The task ::
Below are records with pictures; copy word for word only the lines between the line with "Voznesensk, Oblast Mykolaiv, Ukraine" and the line with "Strawberry rhubarb pie in pie plate.", inclusive, and drop the pictures.

Data to examine ::
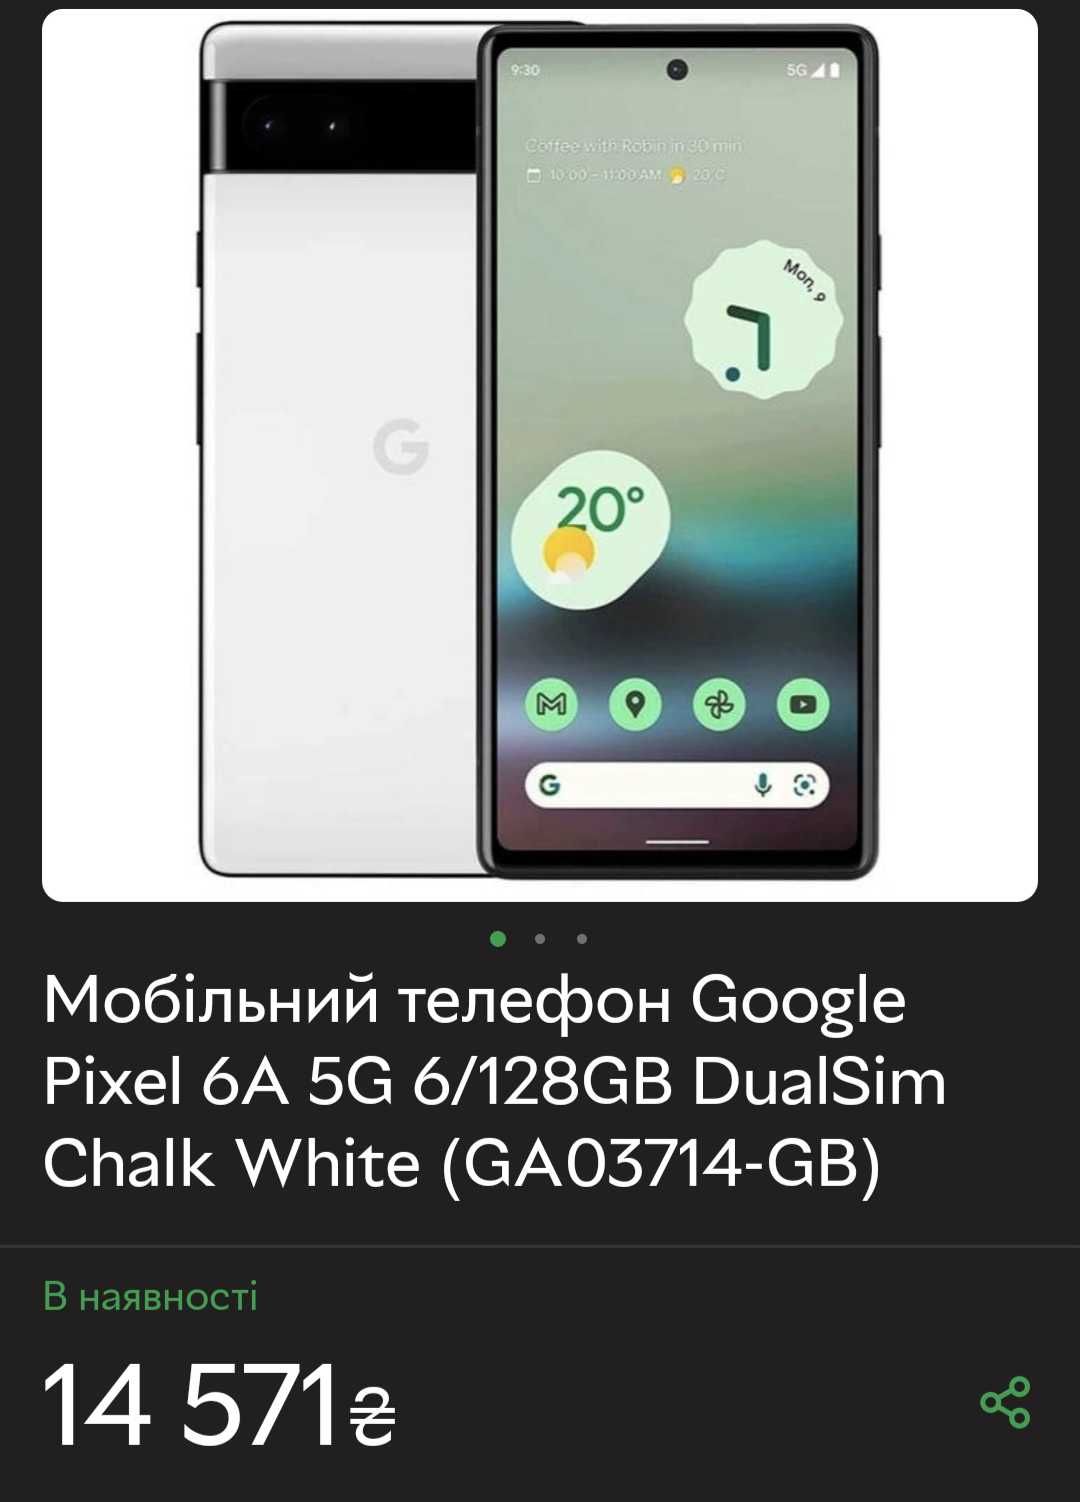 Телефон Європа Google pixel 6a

...

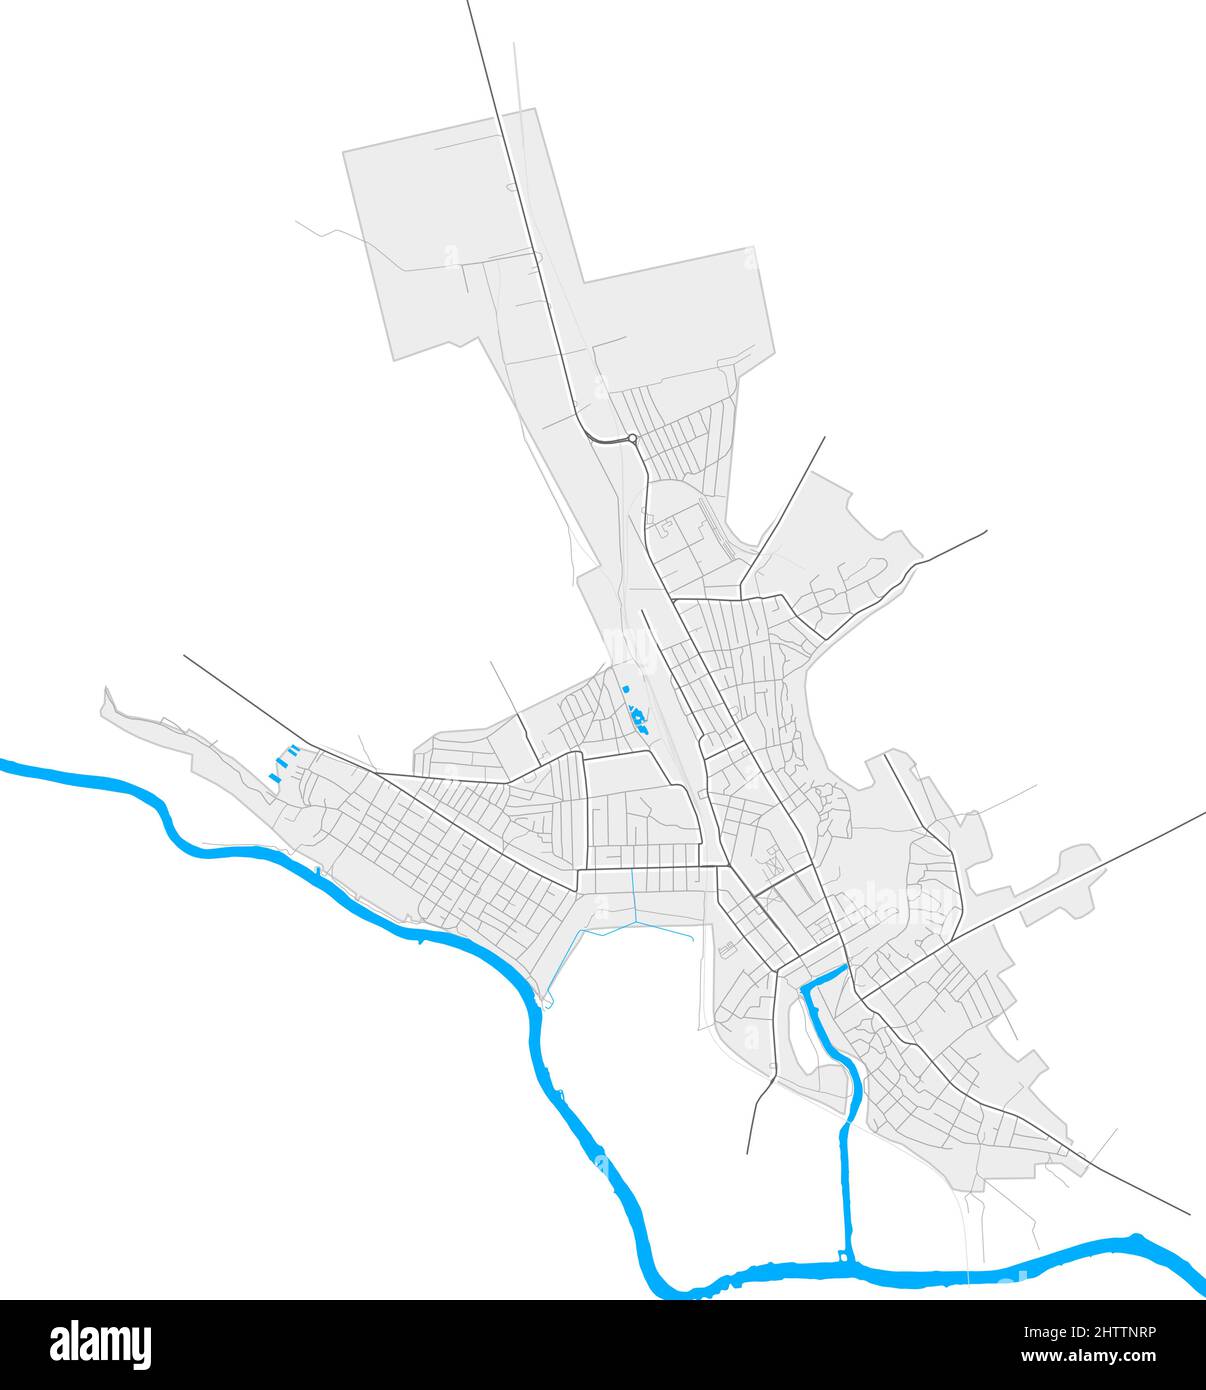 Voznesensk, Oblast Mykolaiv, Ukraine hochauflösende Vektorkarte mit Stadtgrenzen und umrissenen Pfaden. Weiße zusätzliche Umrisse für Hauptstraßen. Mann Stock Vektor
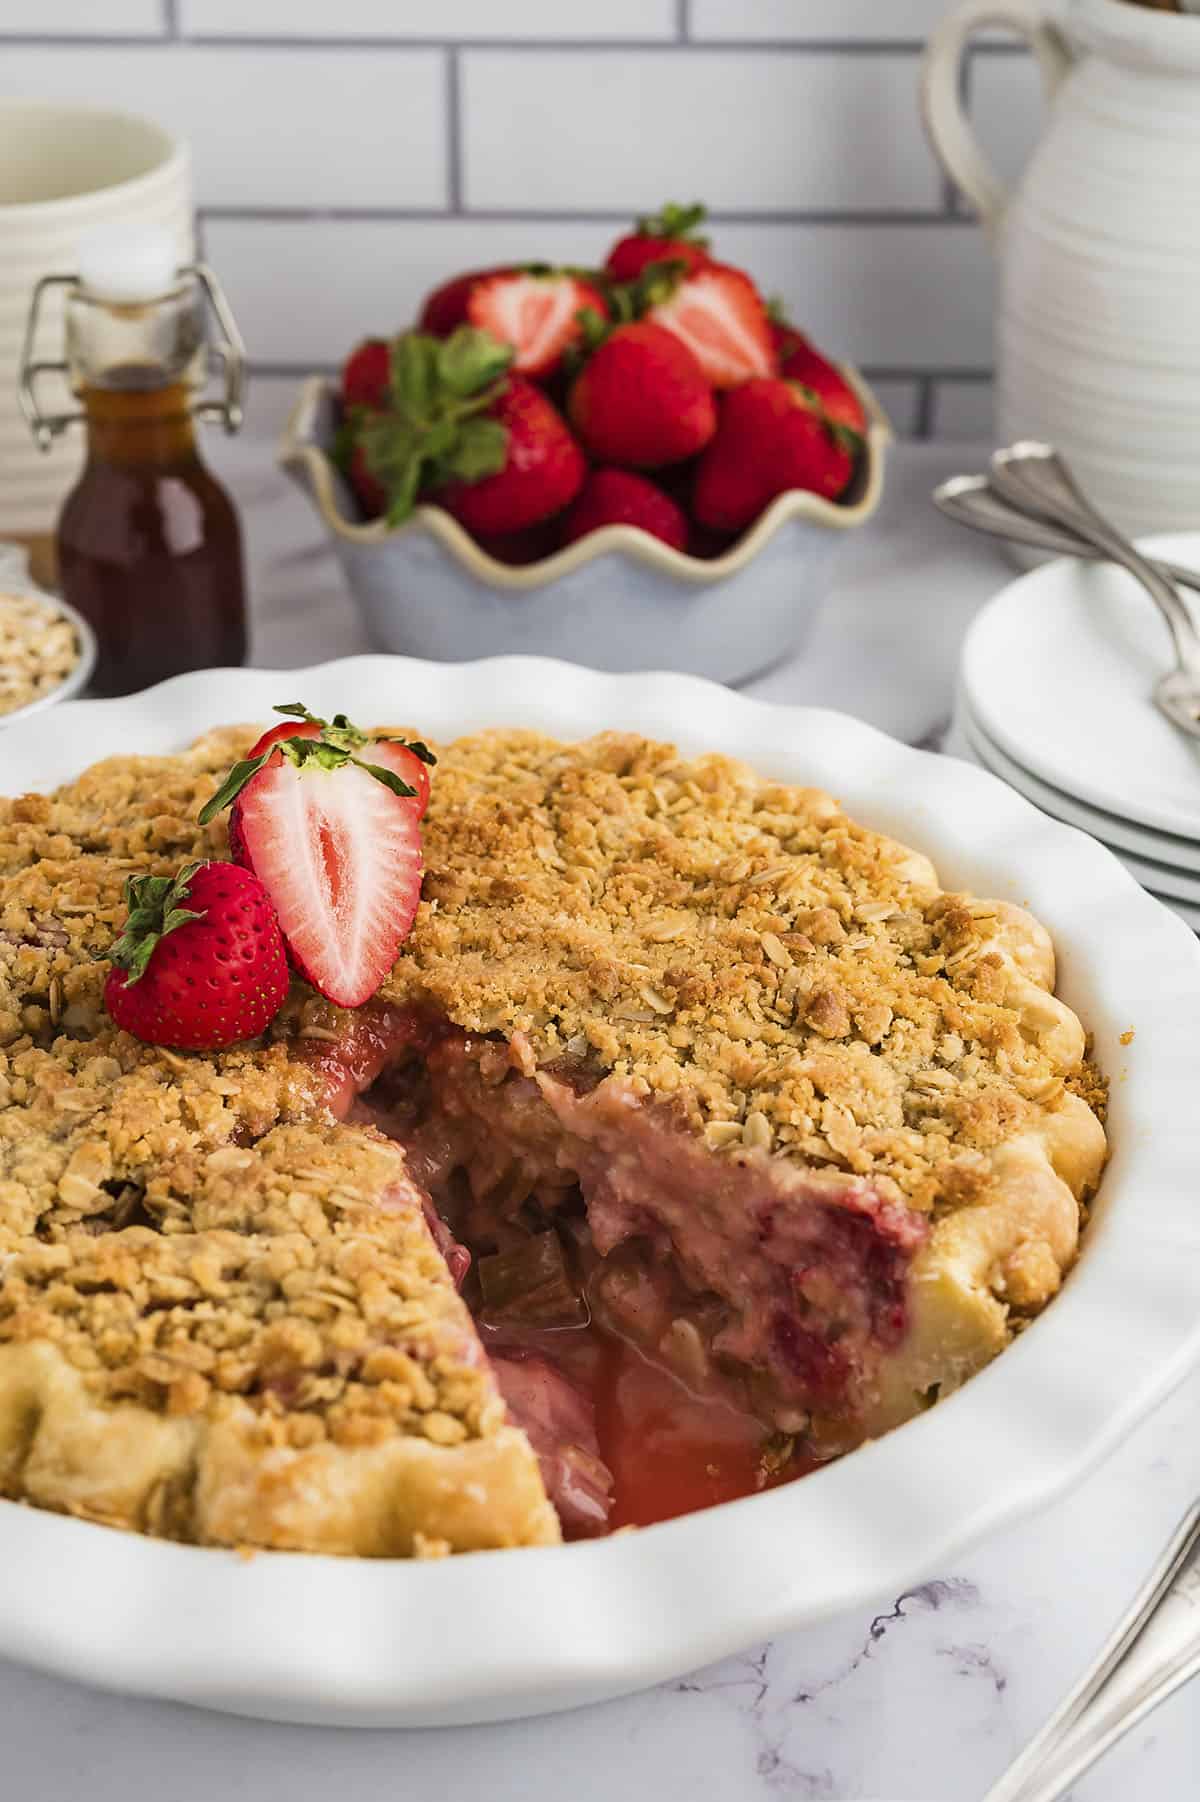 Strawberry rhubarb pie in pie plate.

---

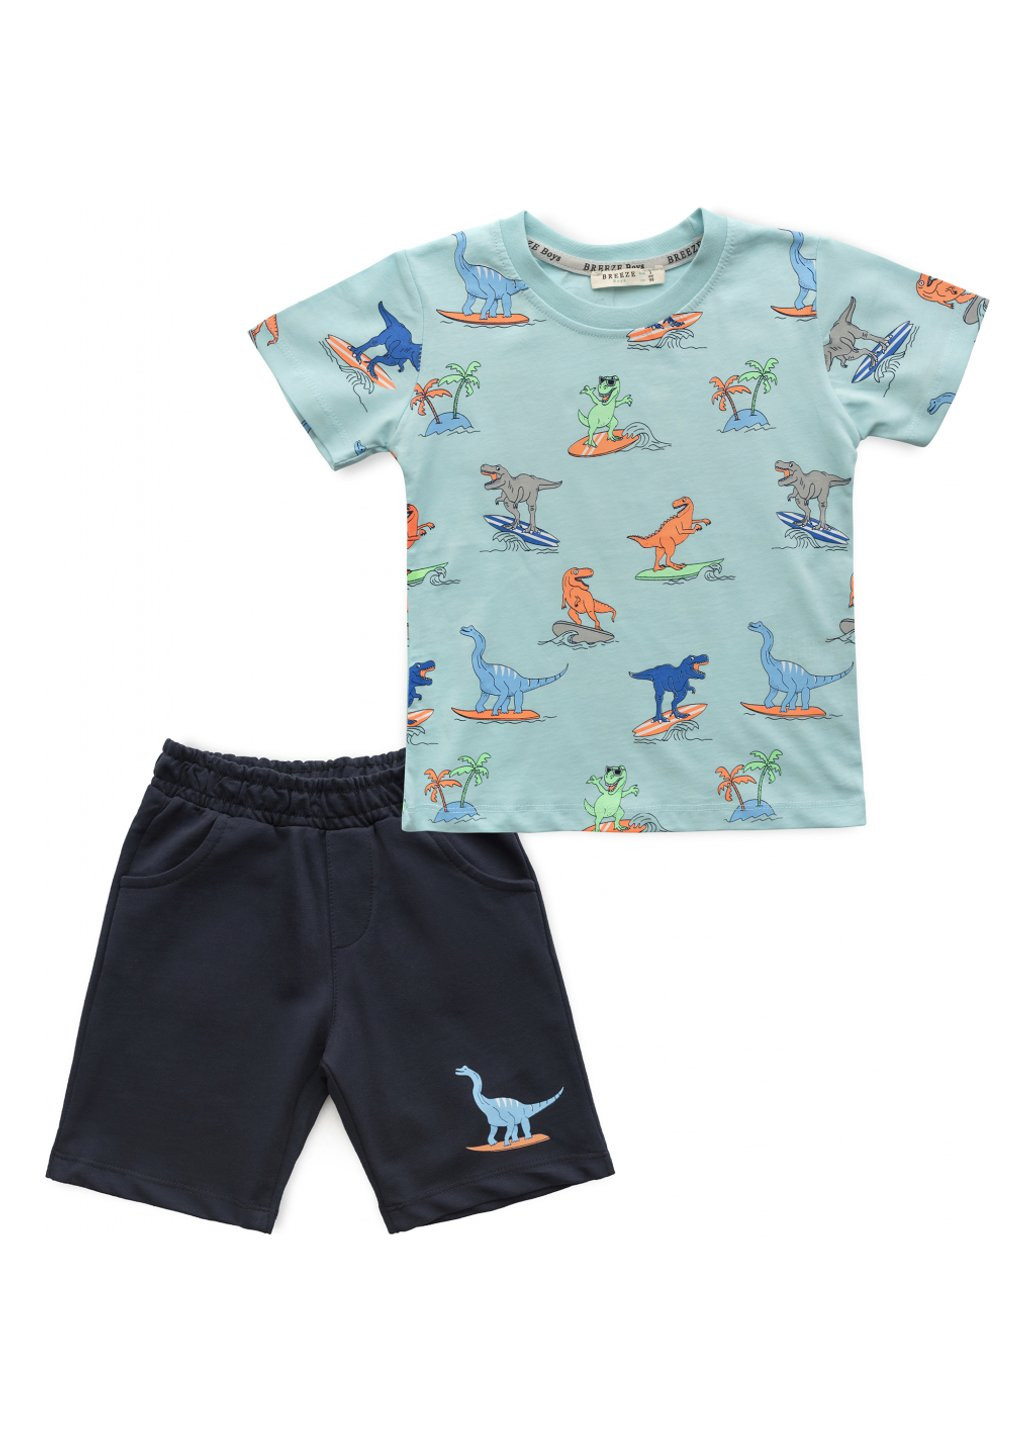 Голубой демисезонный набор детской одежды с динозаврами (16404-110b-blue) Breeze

Solution to this exercise ::
 Voznesensk, Oblast Mykolaiv, Ukraine hochauflösende Vektorkarte mit Stadtgrenzen und umrissenen Pfaden. Weiße zusätzliche Umrisse für Hauptstraßen. Mann Stock Vektor
 Strawberry rhubarb pie in pie plate.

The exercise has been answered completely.